(Warning: Following this narrative requires paying close attention to the dates involved!)
After completing the first course of chemo infusions, the only major procedure for the sixth day in the hospital was a lumbar puncture for intrhathecal chemotherapy (taking a sample of cerebrospinal fluid ten pumping a prophylactic dose of chemicals to the brain). My chief physician said that it should be less painful than bone marrow biopsy—the only pain from which I felt was the local anesthetic before it.
The position, bent over my bedside tray and the side of the bed was very uncomfortable for me. My back was sore before I was hospitalized and this position seemed devised to put strain where it was least tolerable.
I could accept that, but was put off that I was put into the position long (to me) before the nurses (or whatever their official rank) were ready to start. And then one realized she had not brought alcohol along and had to go out in search of it.
They stuck me and stuck me and stuck me again. Only after half an hour did one rearrange the room so that my feet had support (two chairs) instead of dangling that hurt my back—and that I had said several times was bothering me more than the punctures.
After eight failures they attributed to my spine not being straight, they gave up referred me on to a CT-guided one. (The one who has done many, many said I had been a “trouper.”) They said that it might not be able to be scheduled since the facility closed at 16:30. I was thrilled to be told (at 15:45 that I would be picked up at 16:00. At 17:00 the procedure went perfectly, clearing the major obstacle to discharge, but then I had to wait for transport, get through a traffic jam of gurneys etc., and get an elevator.
Back in my room, I was guided through instructions including three pages of prescriptions. I am definitely not complaining about that, being so often asked to sign documents I have not had any time to review, including the consent for the previous treatment.
Then, the catheter was removed. I quickly proved that I could still pee (which was not surprise to me: not peeing was the problem before.) Then the peripherally inserted central catheter (PICC) was removed and I had to lie on my back for another hour, special torture since my whole day had been focused on getting out! But finally (20:11) I did
Seems like a fairly happy ending to an uncomfortable and painful story, but this is where institutional ineptness kicked in.
Friday I had an outpatient appointment, which went well. The hospital had ordered a computer-guided lumbar puncture for Monday. There was no one around with the authority to countermand the order, and the medical staff was long gone before 4:30PM Friday. Knowing that repeating the procedure so quickly, without even having seen any results of the first test was not normal, but did not cancel the appointment in case (a very bad case it would have been!) that Dr. Kaplan wanted more chemicals dispatched to my brain.

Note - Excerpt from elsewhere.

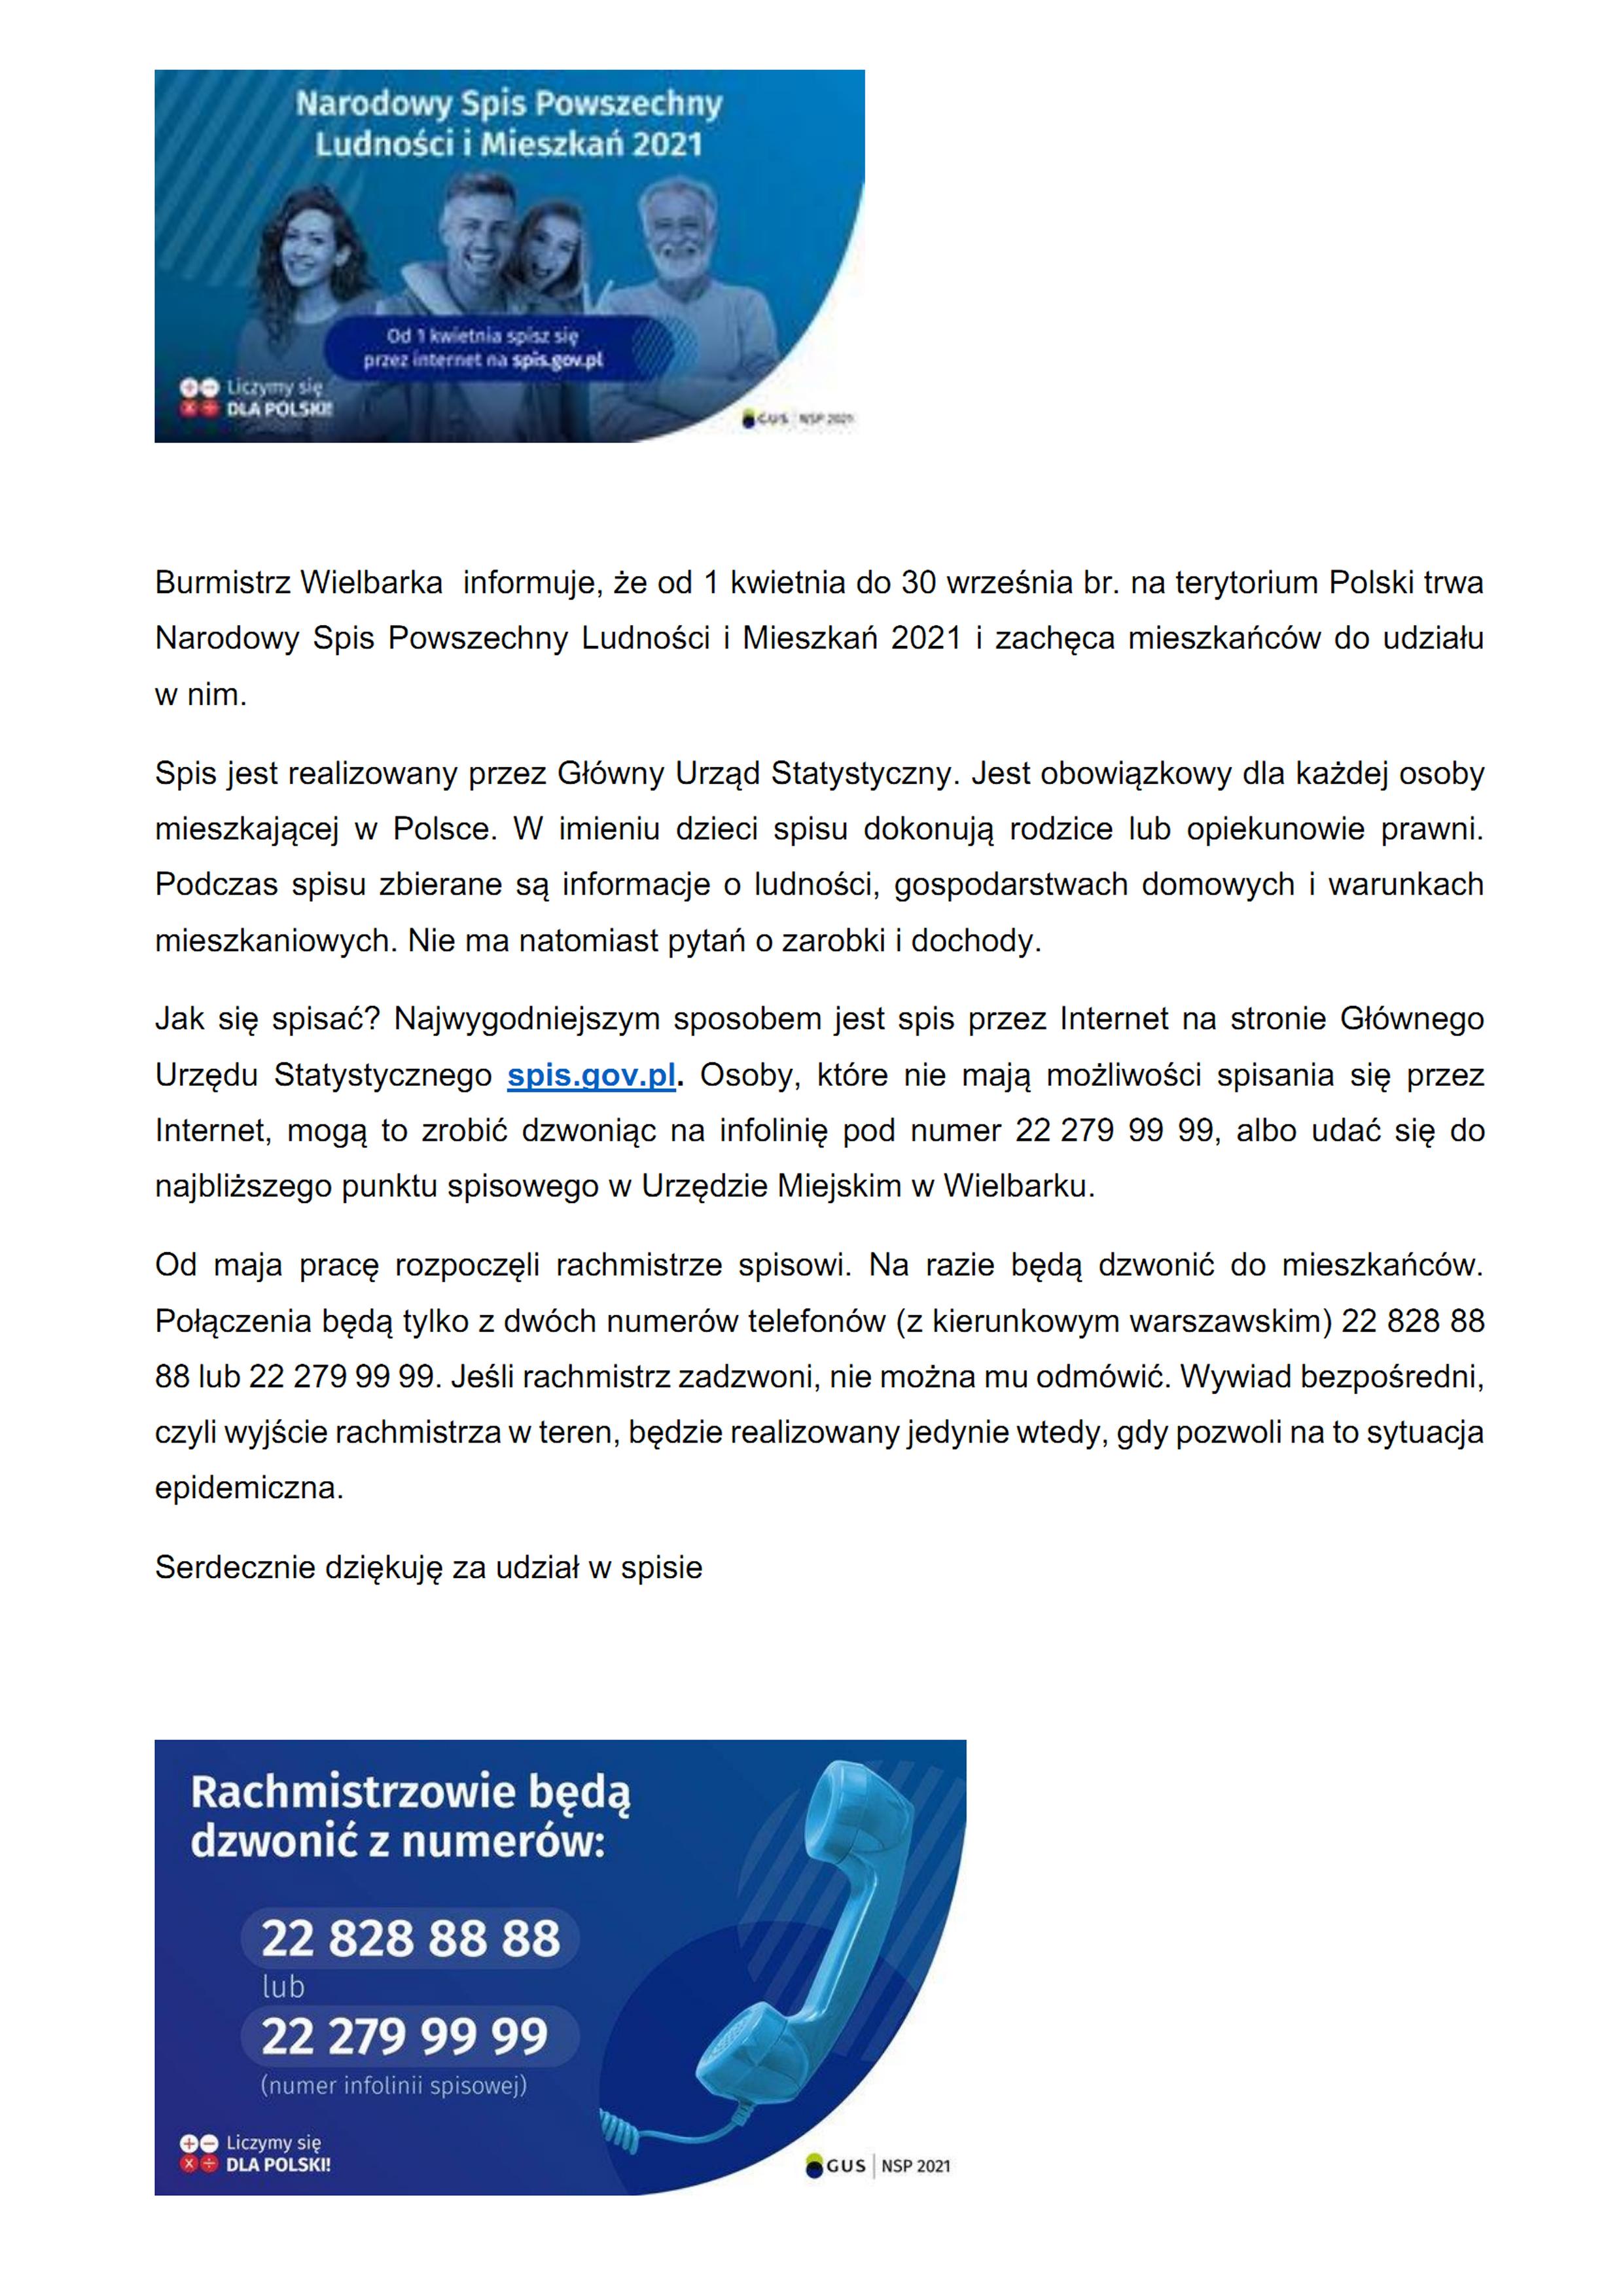 https://m.powiatszczycienski.pl/2021/06/orig/nsp-2021-ogloszenie-z-dnia-08-06-2021-40929.jpg

The hospital had not reported my Thursday discharge to OP. Eventually, it turned out that they had reported me discharged on Wed, scheduling the test that was necessary before discharging me for Monday.

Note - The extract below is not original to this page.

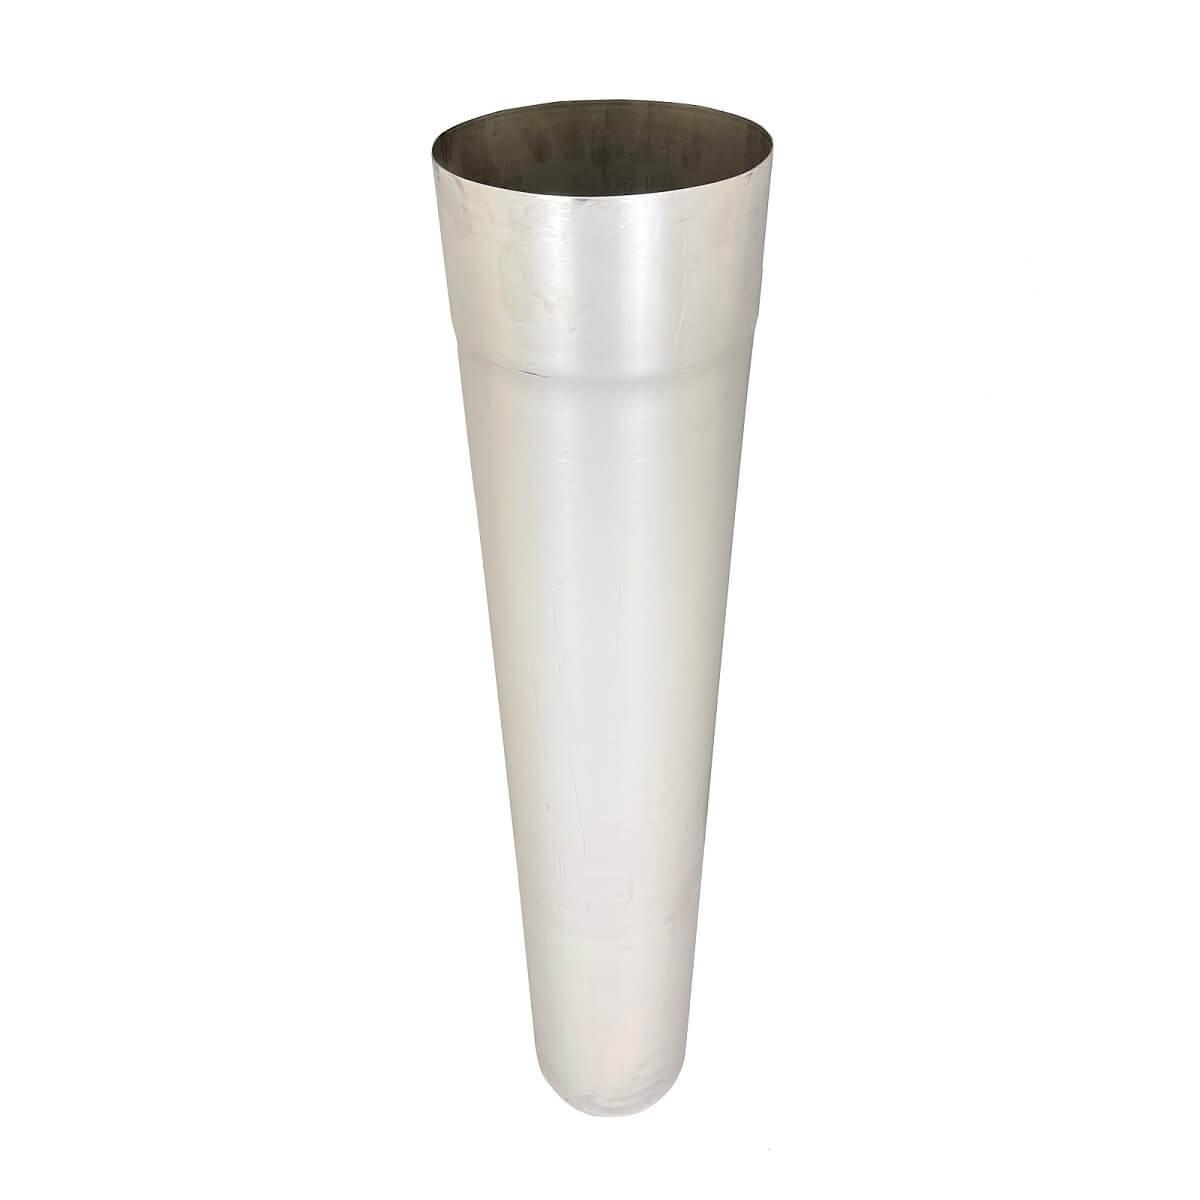 Труба для дымохода L-0,3 м D-150 мм толщина 0,8 мм

I had thought that the lateness in the day in which it was done in Thursday was the source of confusion, but was staggered to learn I had been reported discharged Wed. Monday afternoon OP still had no communication from across the street that the procedure had been done, and this complicated scheduling follow-ups far beyond the capacity of the clerk who only had to make two “provider visit” followups for the next week. We were in the otherwise empty office nearly two hours after the end of the OP visit. (One clerk also denied that I had an appointment Monday, although I as sitting in front of her after the appointment…).
For the moment my white blood-cell count was above normal and the calcium level (that had been blamed for my earlier passings out) had fallen from more than double normal to less than normal.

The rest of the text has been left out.